_Exercise instructions:_ The listing must be copied out in full and exactly; no images go with it.

_Input data:_
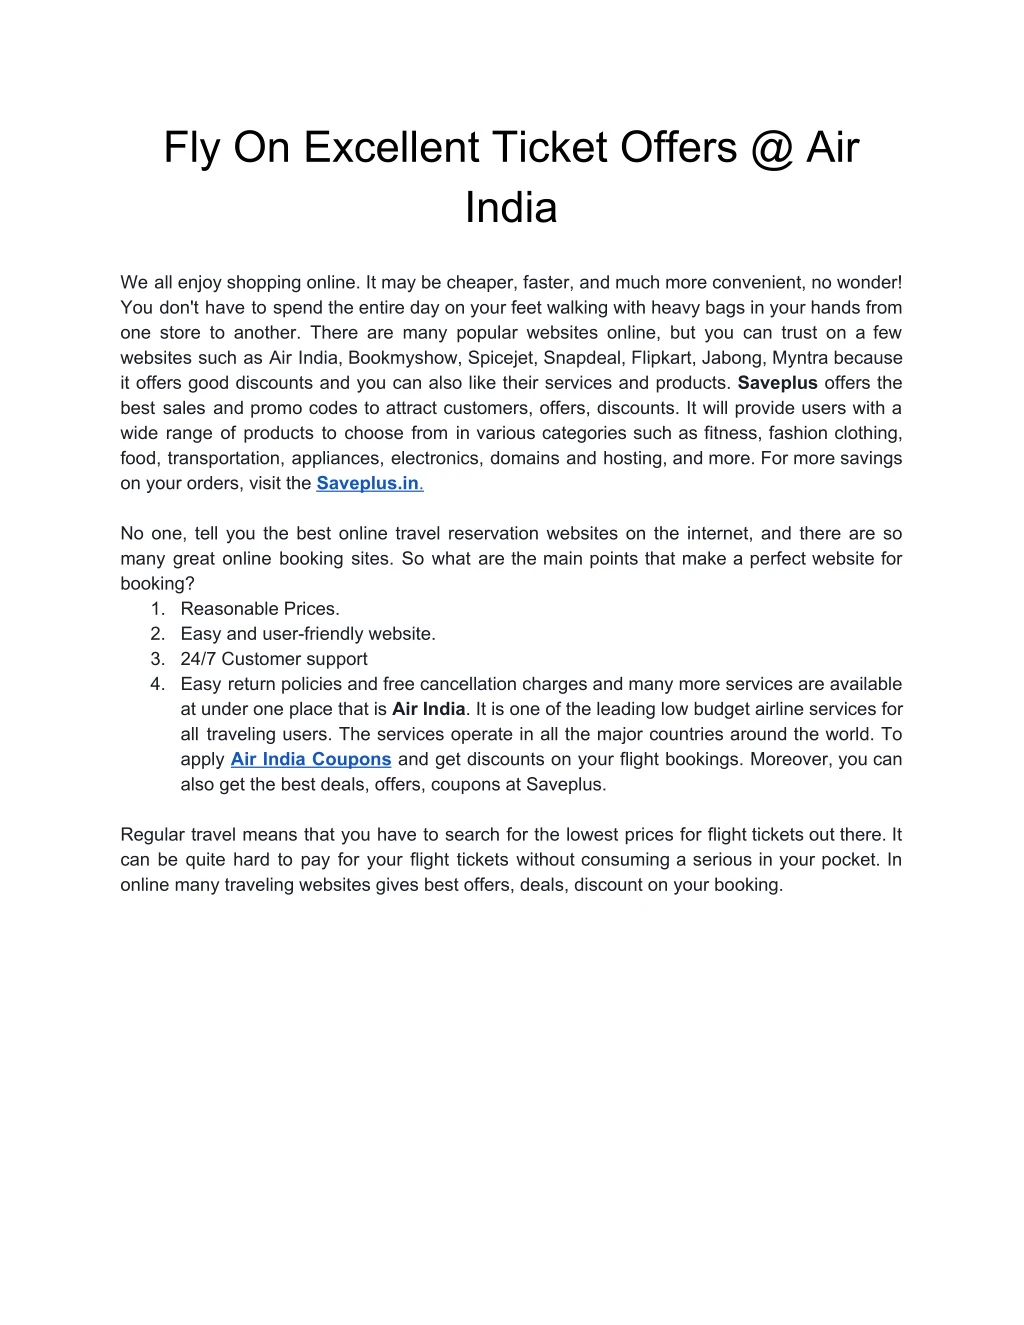 fly on excellent ticket offers @ air india n.
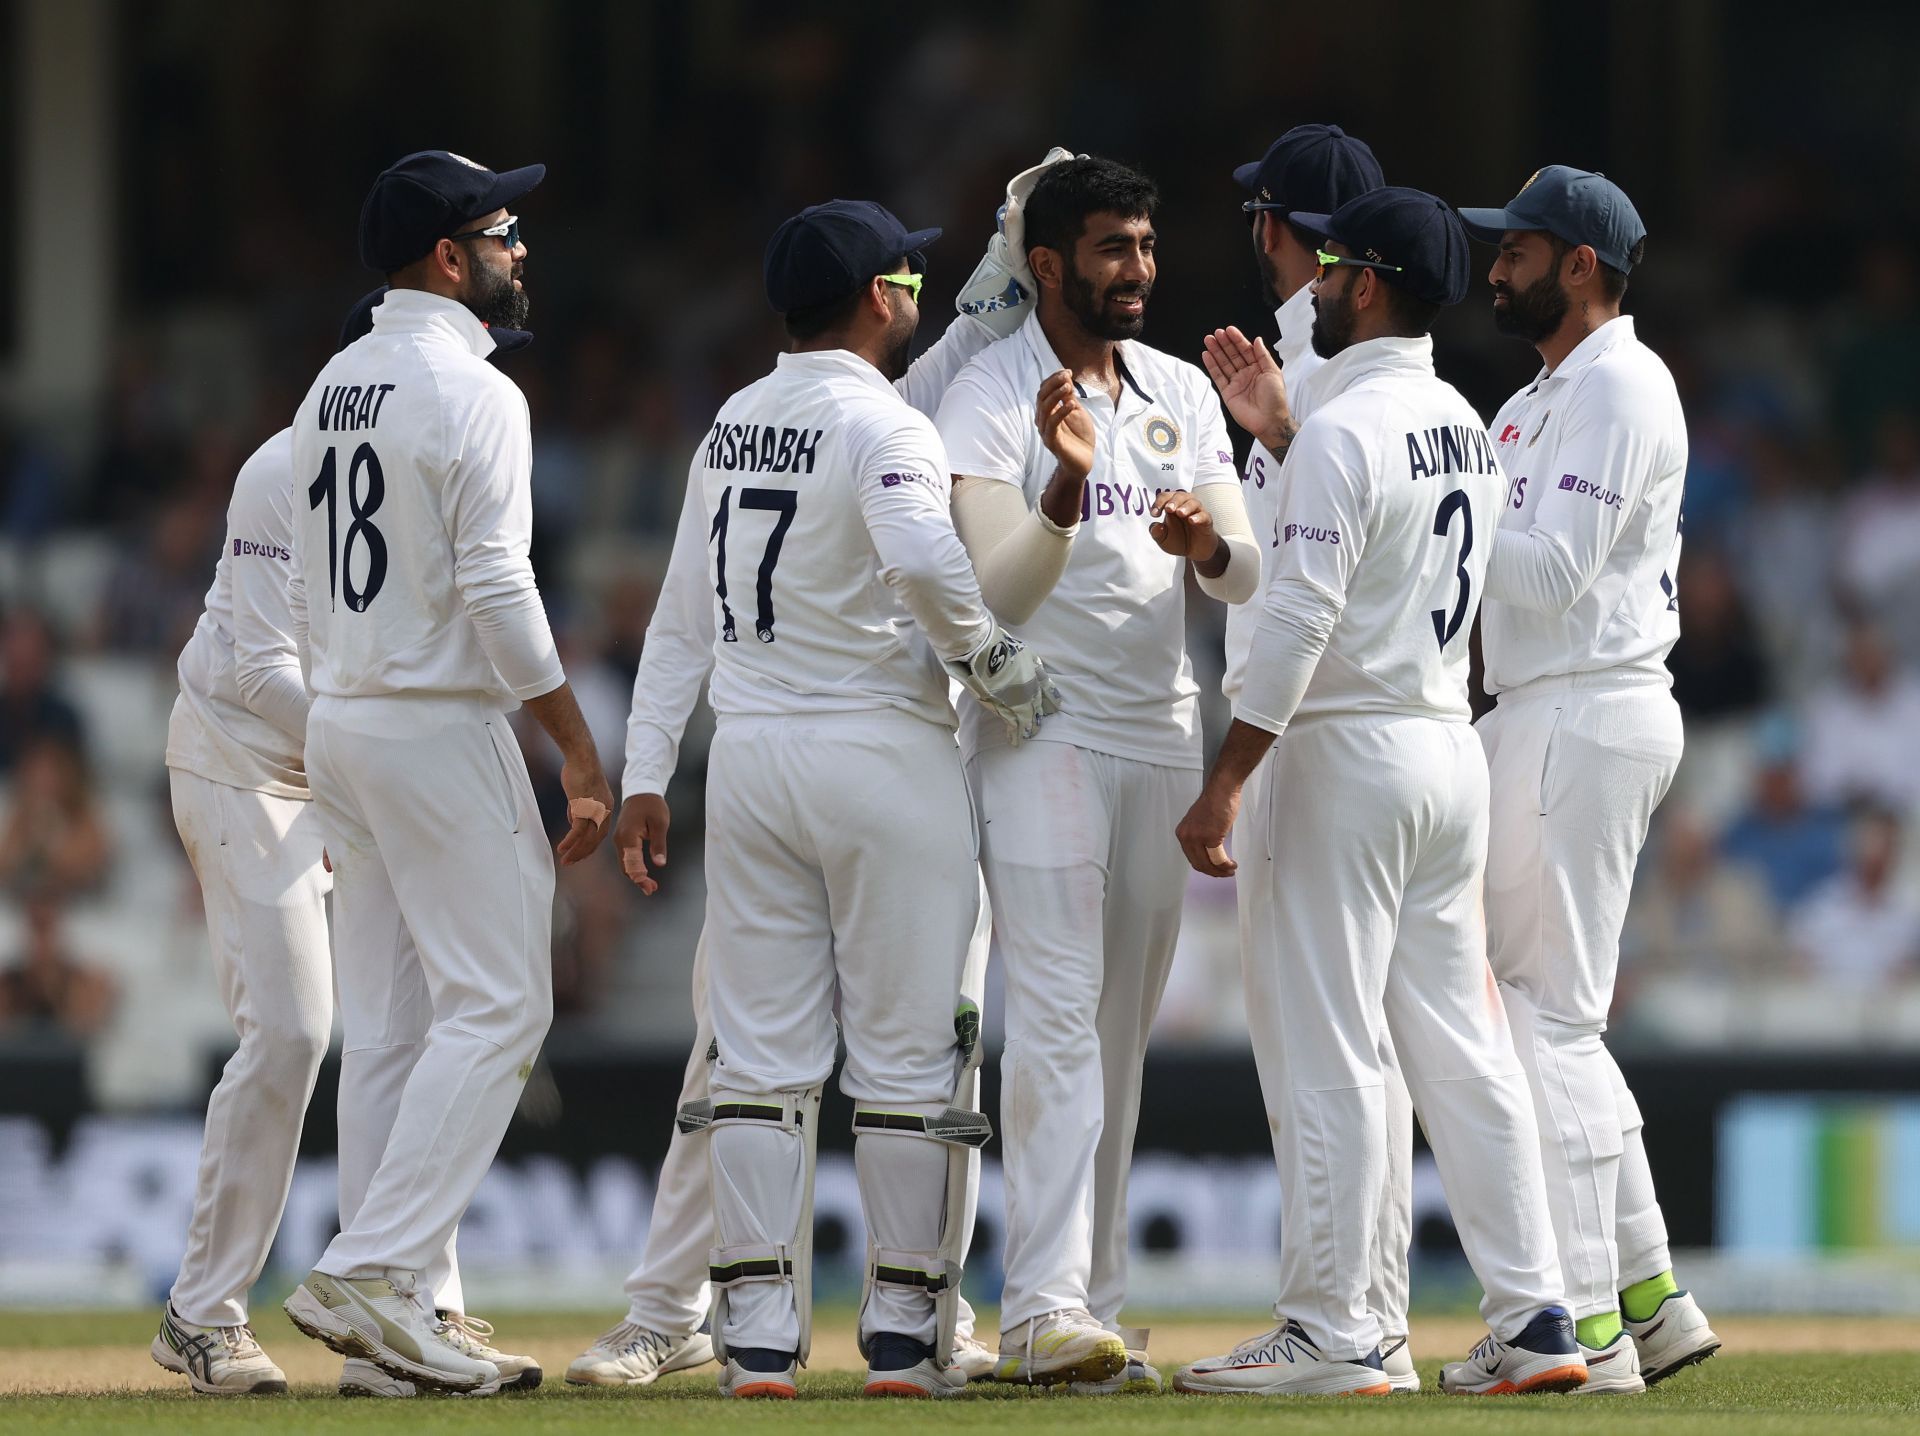 The Indian team got some valuable practice ahead of the important Test against England
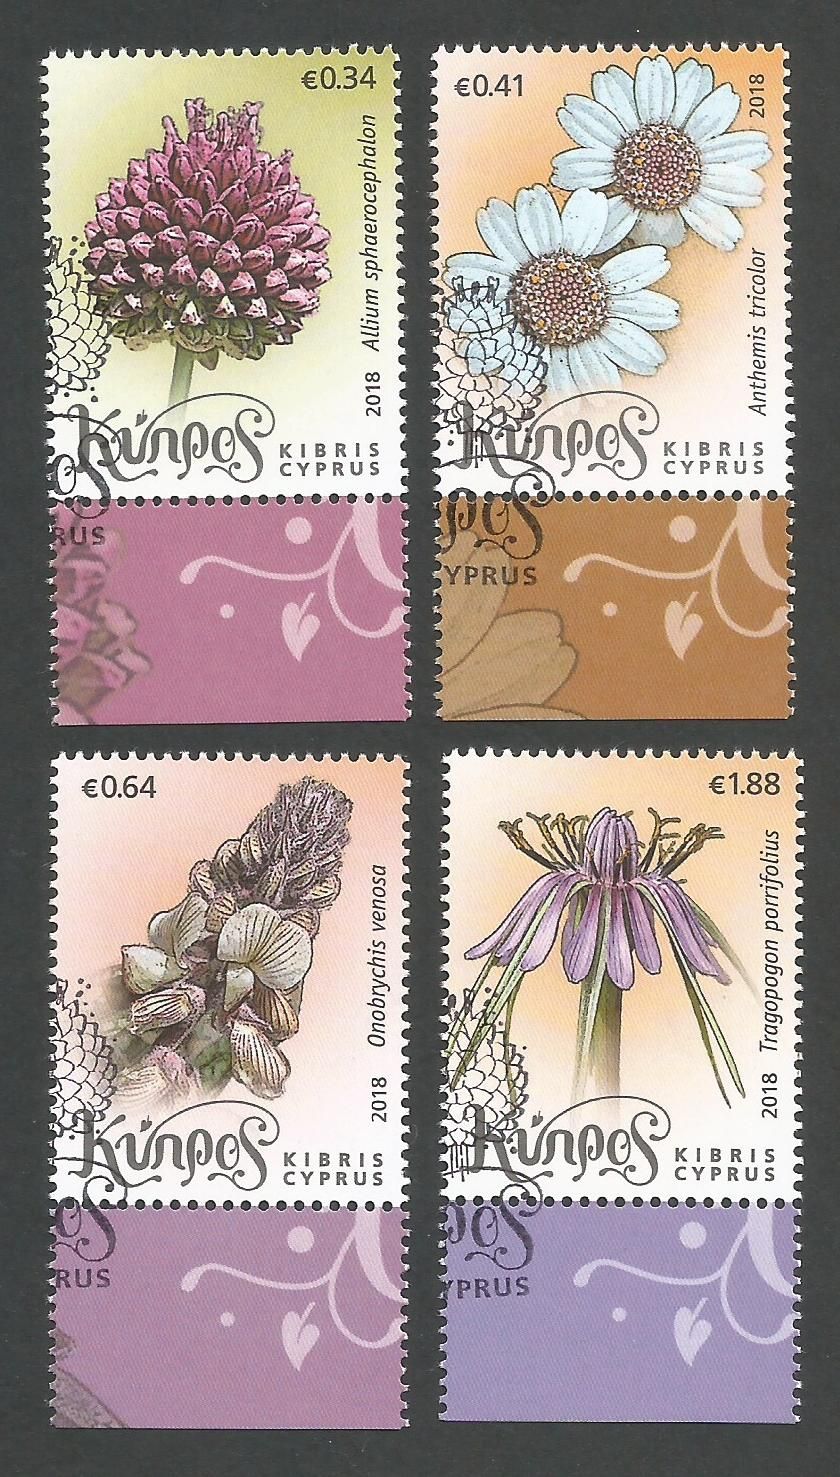 Cyprus Stamps SG 2018 (a) Wild Flowers of Cyprus -  CTO USED (k613)

_Task output:_
 fly on excellent ticket offers @ air india n.
 The Indian team got some valuable practice ahead of the important Test against England
 Cyprus Stamps SG 2018 (a) Wild Flowers of Cyprus -  CTO USED (k613)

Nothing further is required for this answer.